Requirement: Your job is to set down the stretch of entries that opens with the line containing "変装復活モッキンバードR V Essential" and closes with the line containing "Caneca Chantecler 2". Keep both end lines, copy each exactly, and add nothing.

Supplied entries Block Start

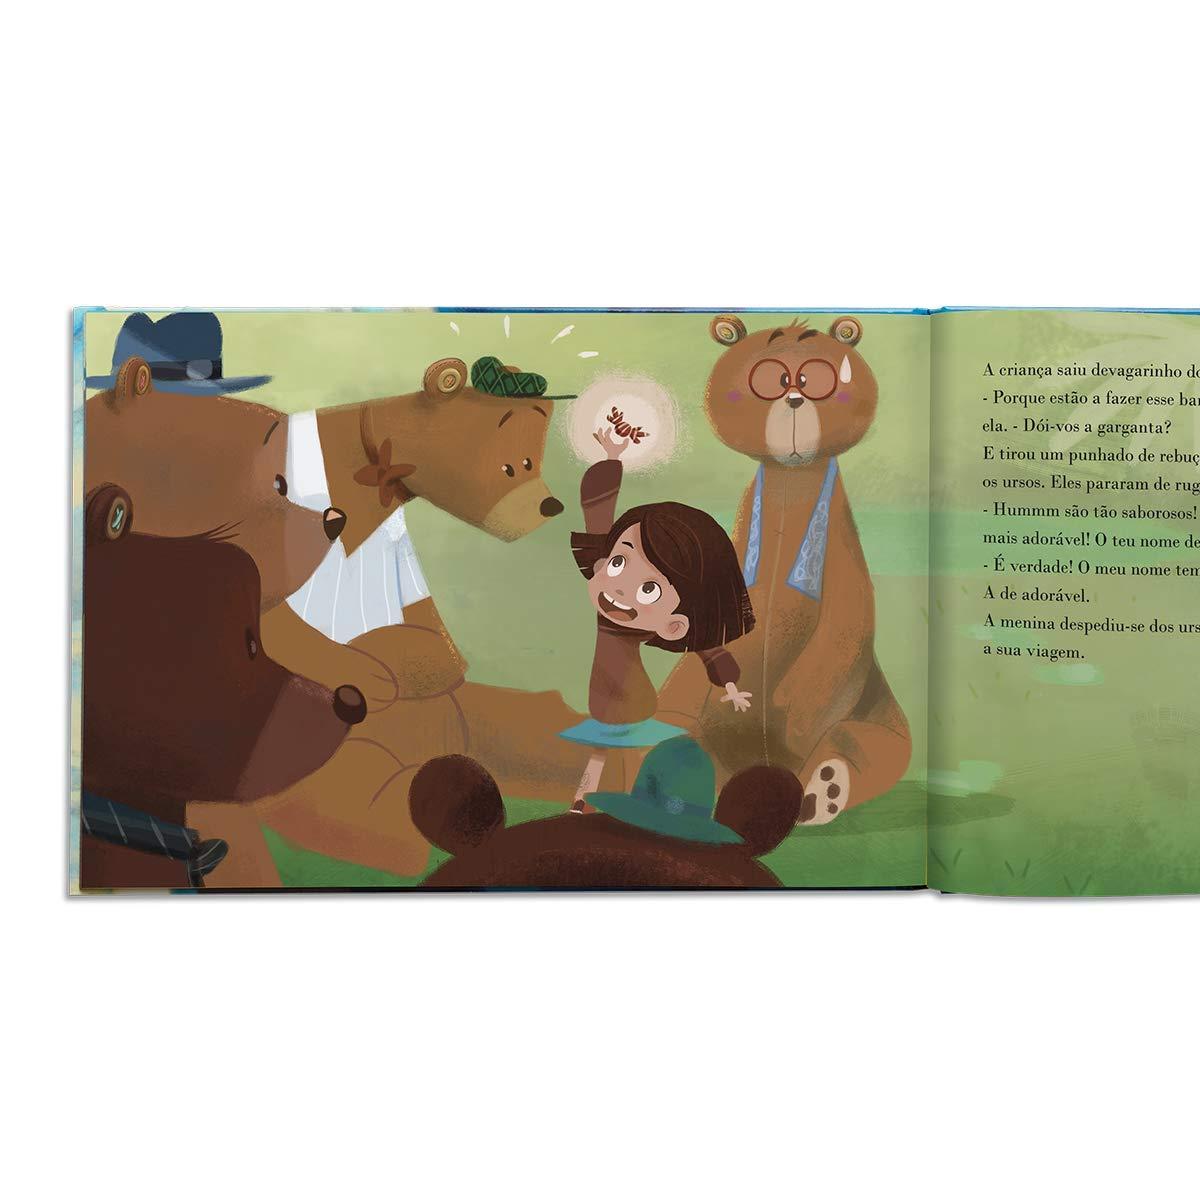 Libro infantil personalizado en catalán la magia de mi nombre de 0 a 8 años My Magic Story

Supplied entries Block End
Supplied entries Block Start

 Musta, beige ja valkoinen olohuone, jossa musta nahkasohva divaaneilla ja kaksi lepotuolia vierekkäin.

Supplied entries Block End
Supplied entries Block Start

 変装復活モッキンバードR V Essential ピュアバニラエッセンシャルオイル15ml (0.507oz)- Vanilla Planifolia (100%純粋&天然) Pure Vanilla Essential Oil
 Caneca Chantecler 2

Supplied entries Block End

Response to this task:
 変装復活モッキンバードR V Essential ピュアバニラエッセンシャルオイル15ml (0.507oz)- Vanilla Planifolia (100%純粋&天然) Pure Vanilla Essential Oil
 Caneca Chantecler 2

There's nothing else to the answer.